| INFORMATION SUPPLIED |
|---|
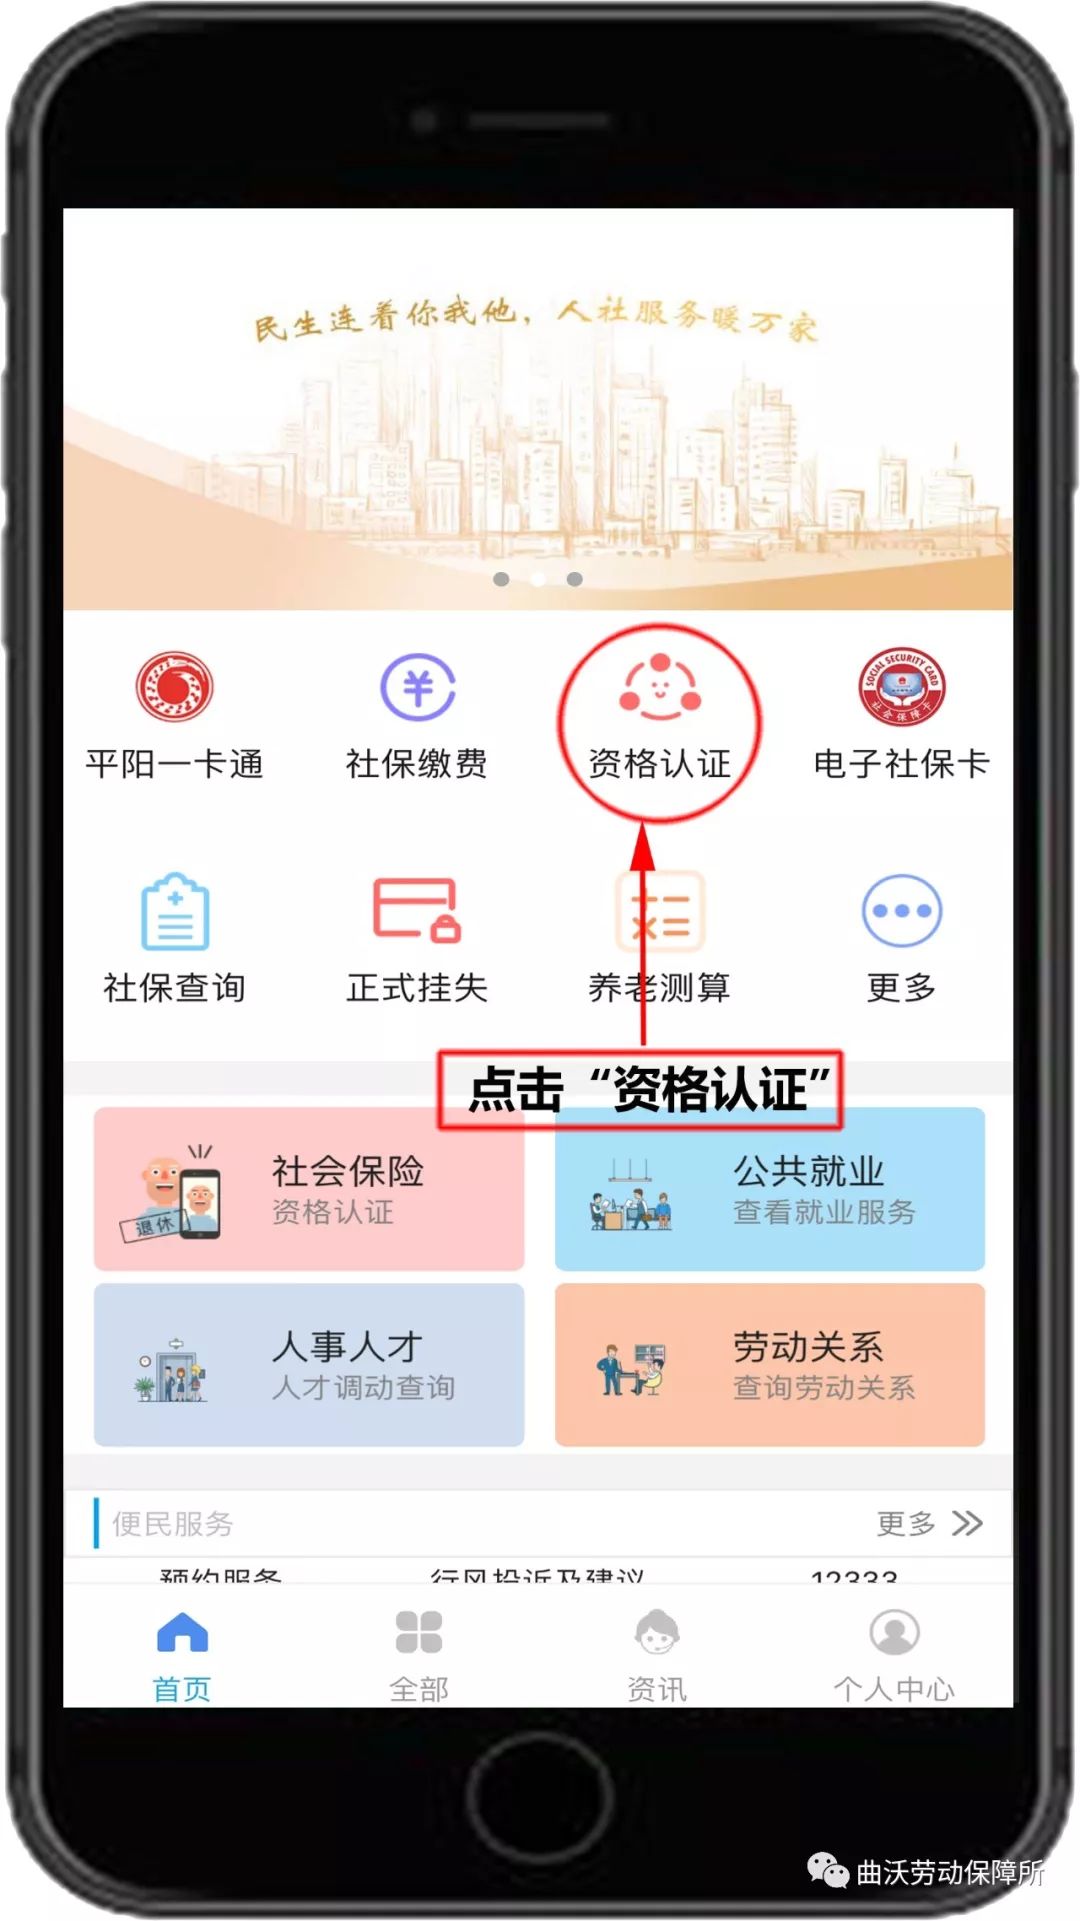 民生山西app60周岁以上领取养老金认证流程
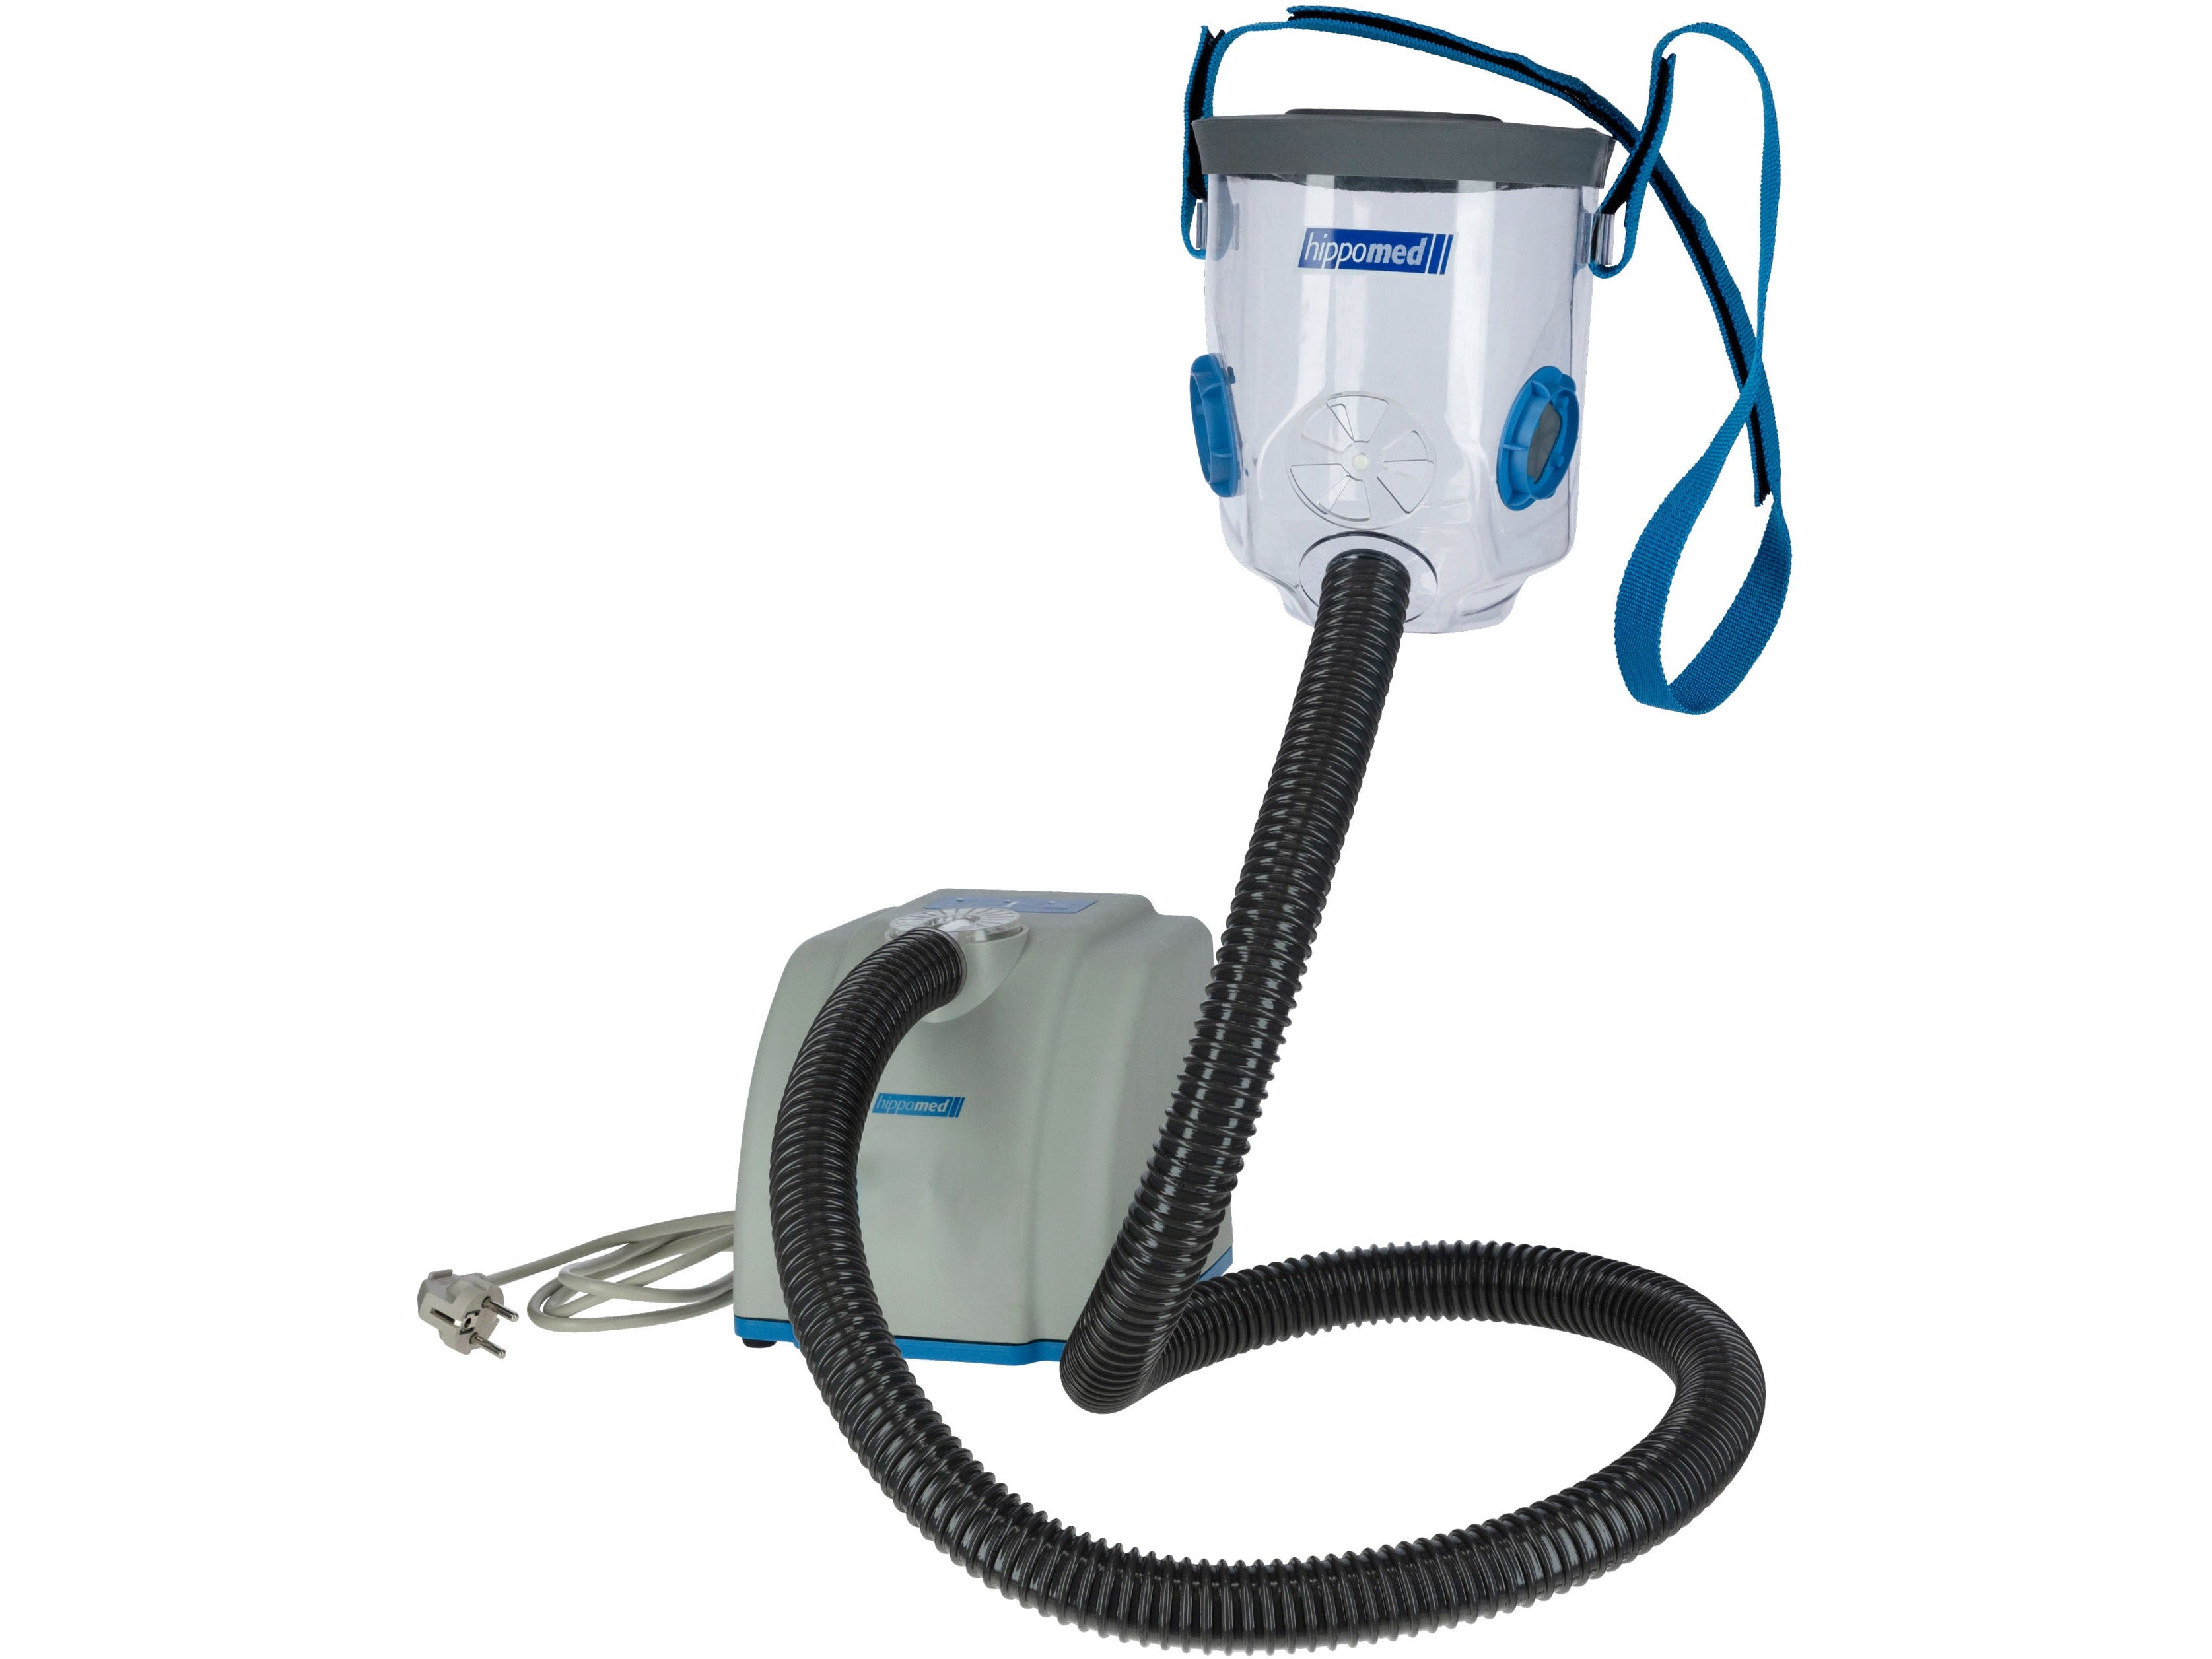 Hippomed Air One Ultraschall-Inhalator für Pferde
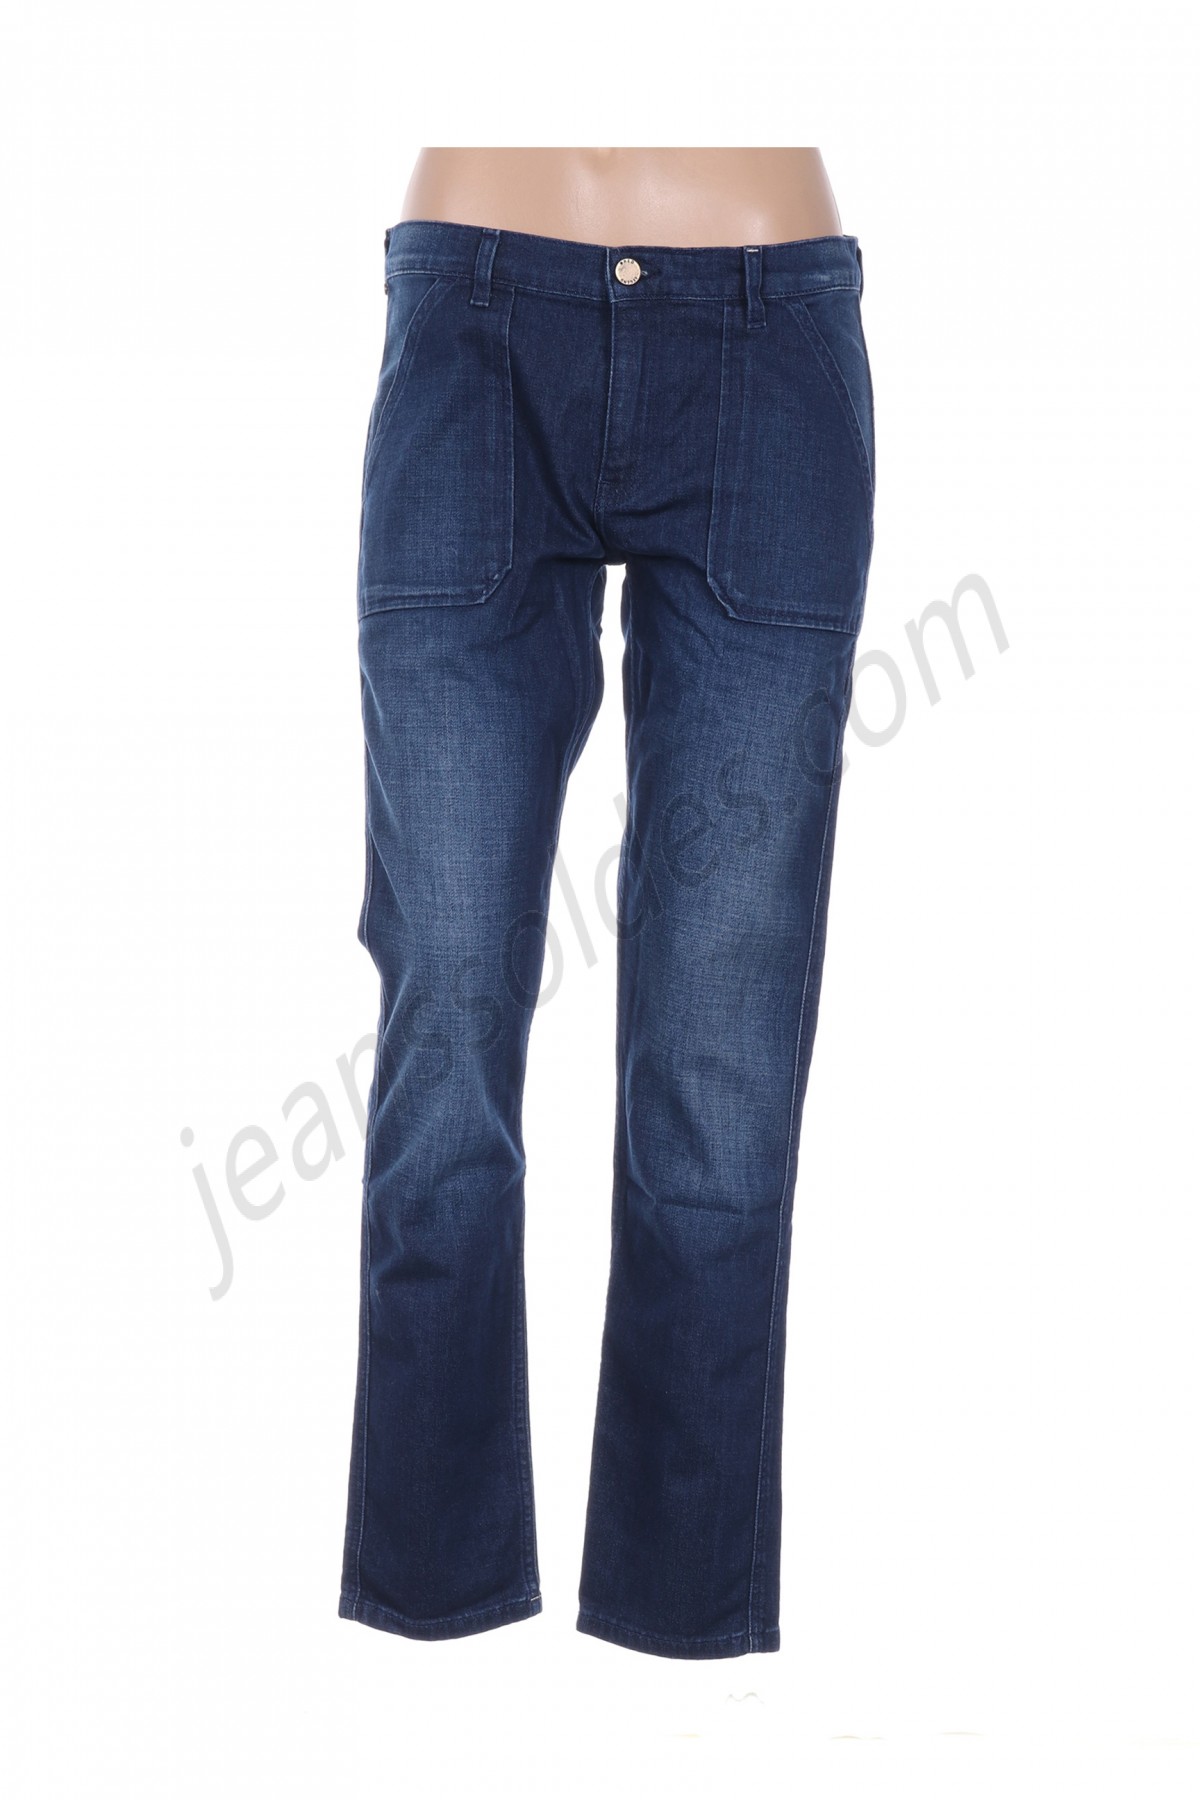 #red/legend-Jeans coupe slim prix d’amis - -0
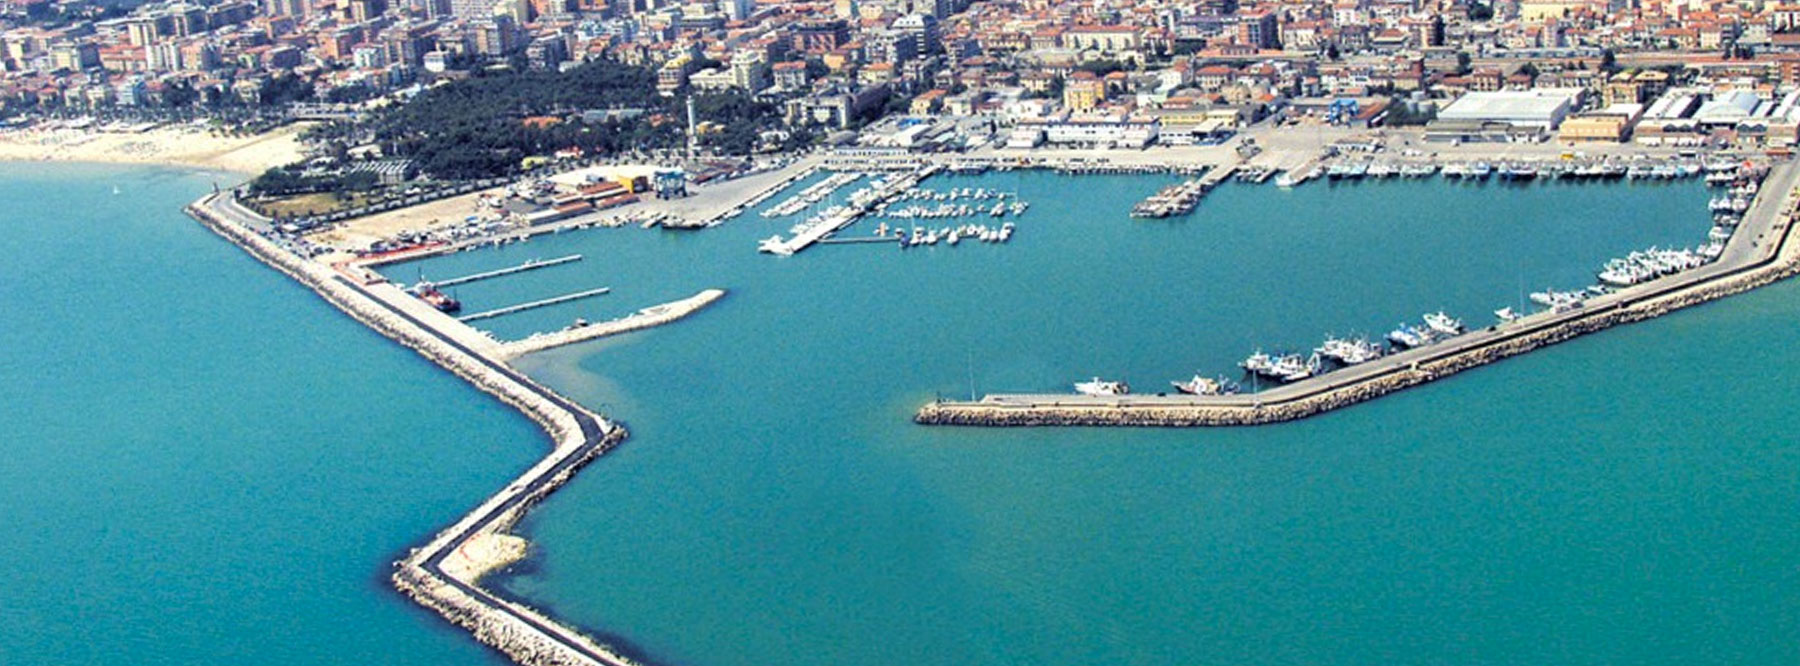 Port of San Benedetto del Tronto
|---|
The listing is to be reproduced in full and exactly, except that its pictures are to be dropped.

| EXERCISE RESULT |
 民生山西app60周岁以上领取养老金认证流程
 Hippomed Air One Ultraschall-Inhalator für Pferde
 #red/legend-Jeans coupe slim prix d’amis - -0
 Port of San Benedetto del Tronto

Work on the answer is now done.